Dataset extract.

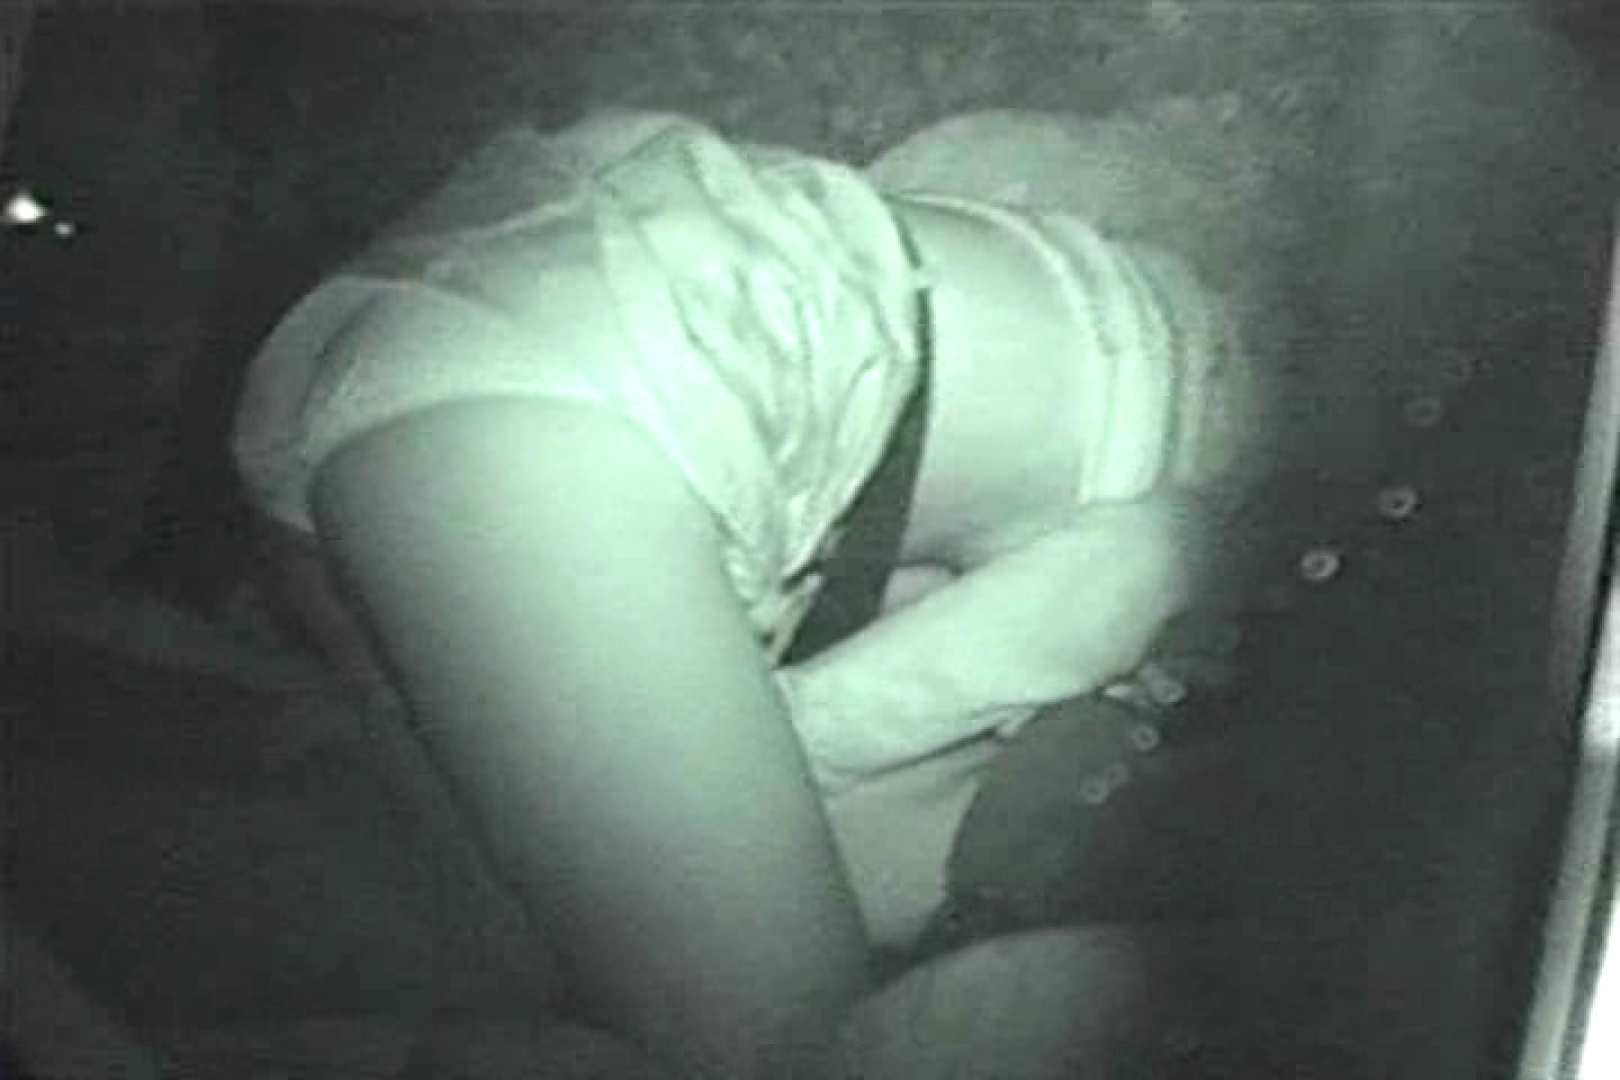 MASAさんの待ち伏せ撮り! 赤外線カーセックスVol.19 美しいOLの裸体   カーセックス  101pic 71
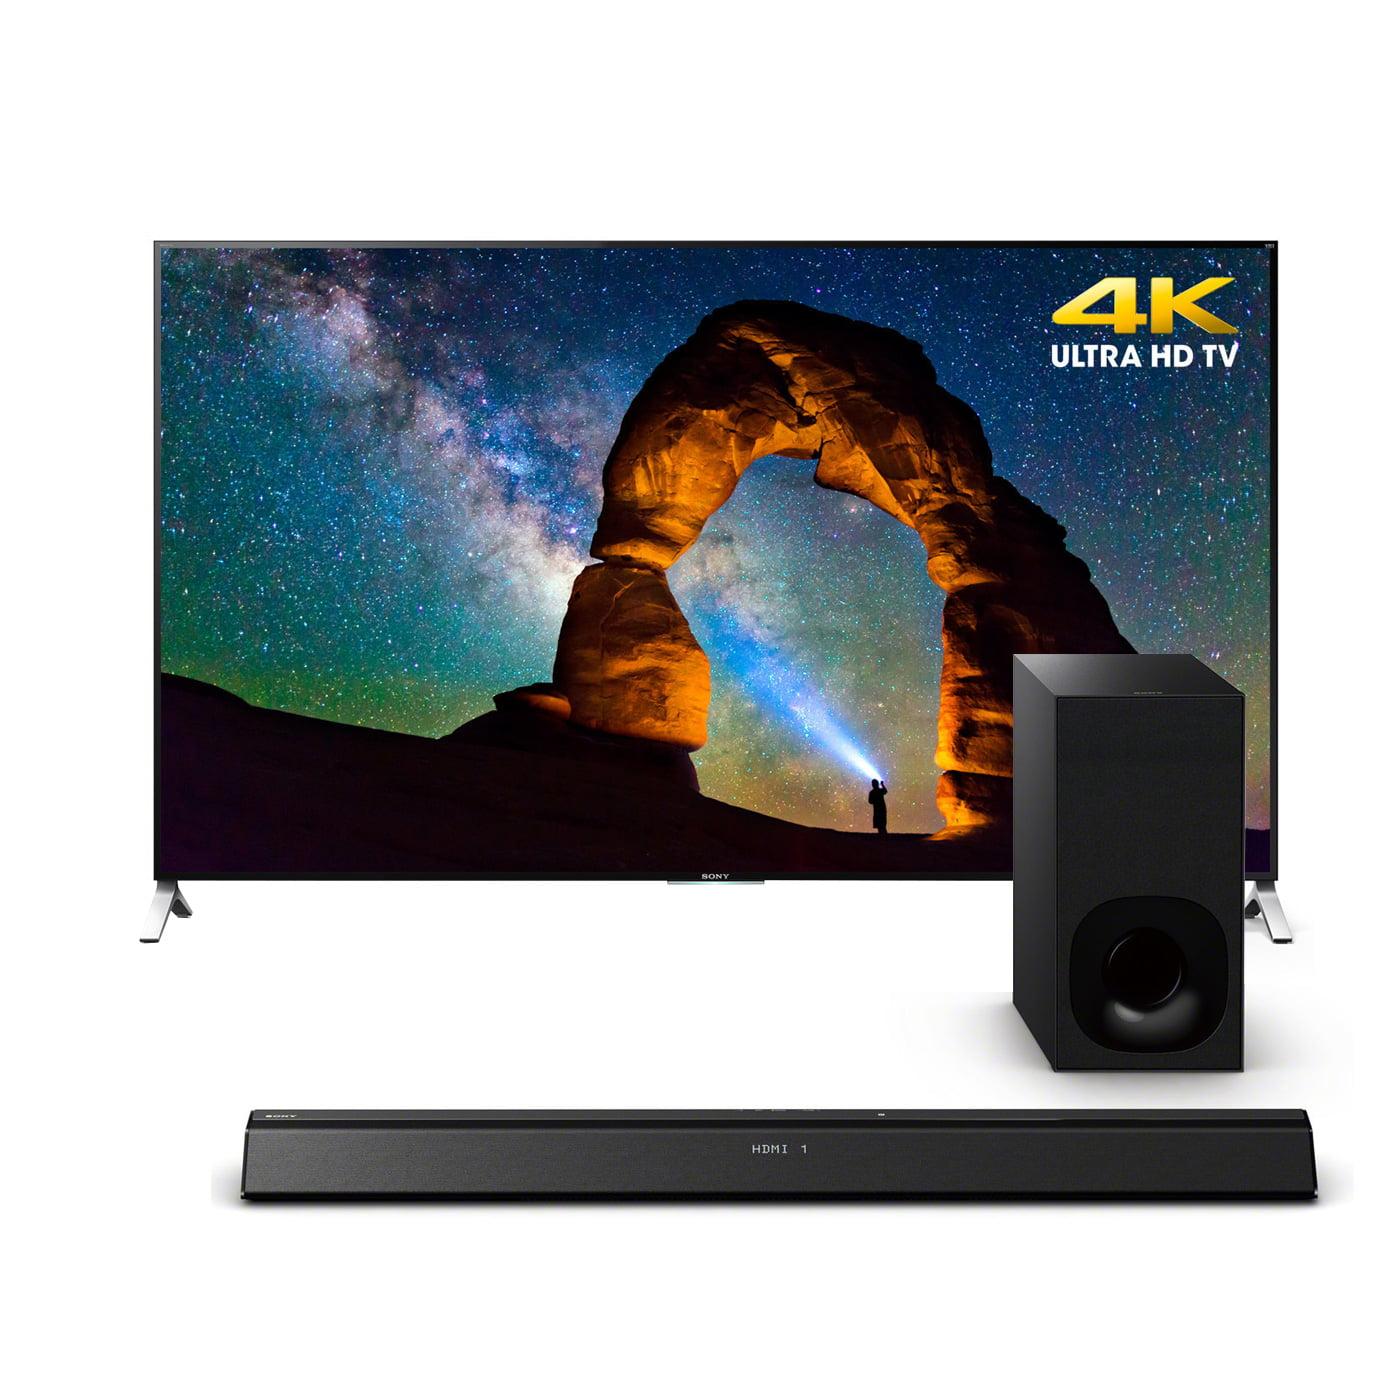 Sony BRAVIA XBR-75X910C HDTV Windows
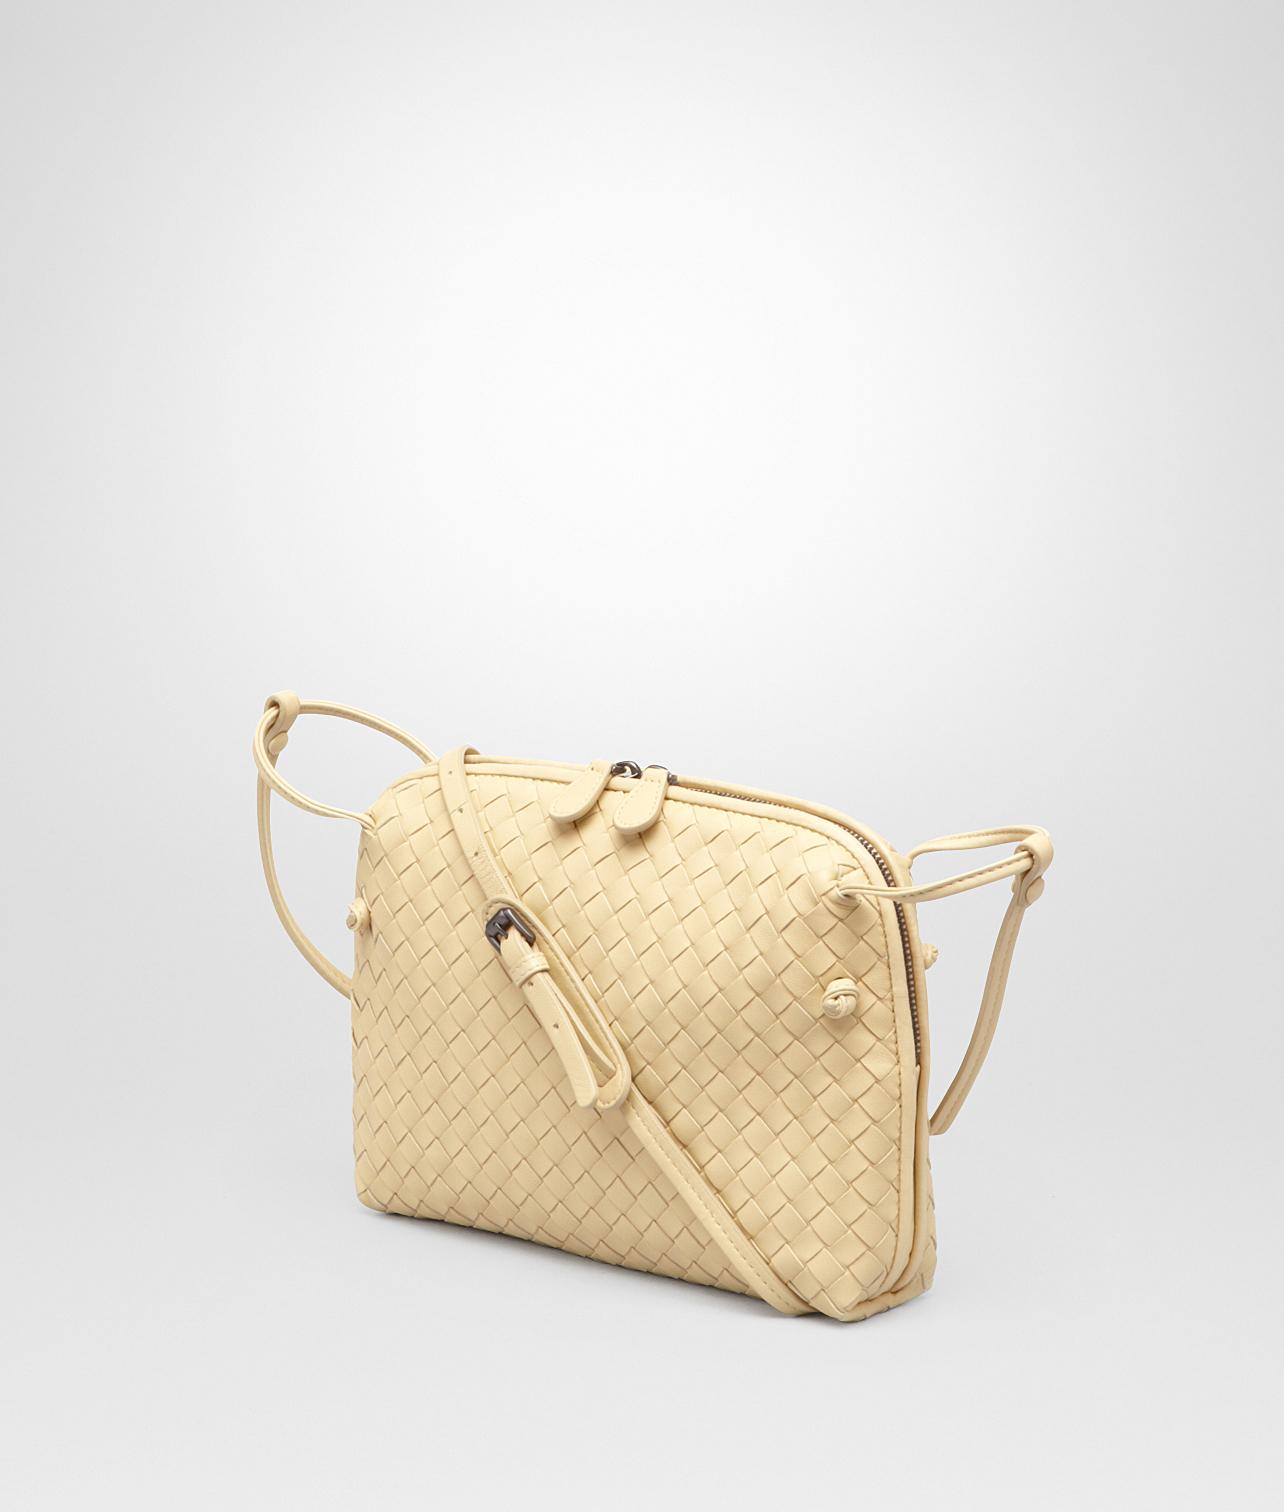 945f4cacfc1 Bottega Veneta Banane Intrecciato Nappa Messenger Bag in Natural - Lyst

Exercise instructions. From the first line to the last, give the data again exactly, but without pictures.

Problem solution.
 MASAさんの待ち伏せ撮り! 赤外線カーセックスVol.19 美しいOLの裸体   カーセックス  101pic 71
 Sony BRAVIA XBR-75X910C HDTV Windows
 945f4cacfc1 Bottega Veneta Banane Intrecciato Nappa Messenger Bag in Natural - Lyst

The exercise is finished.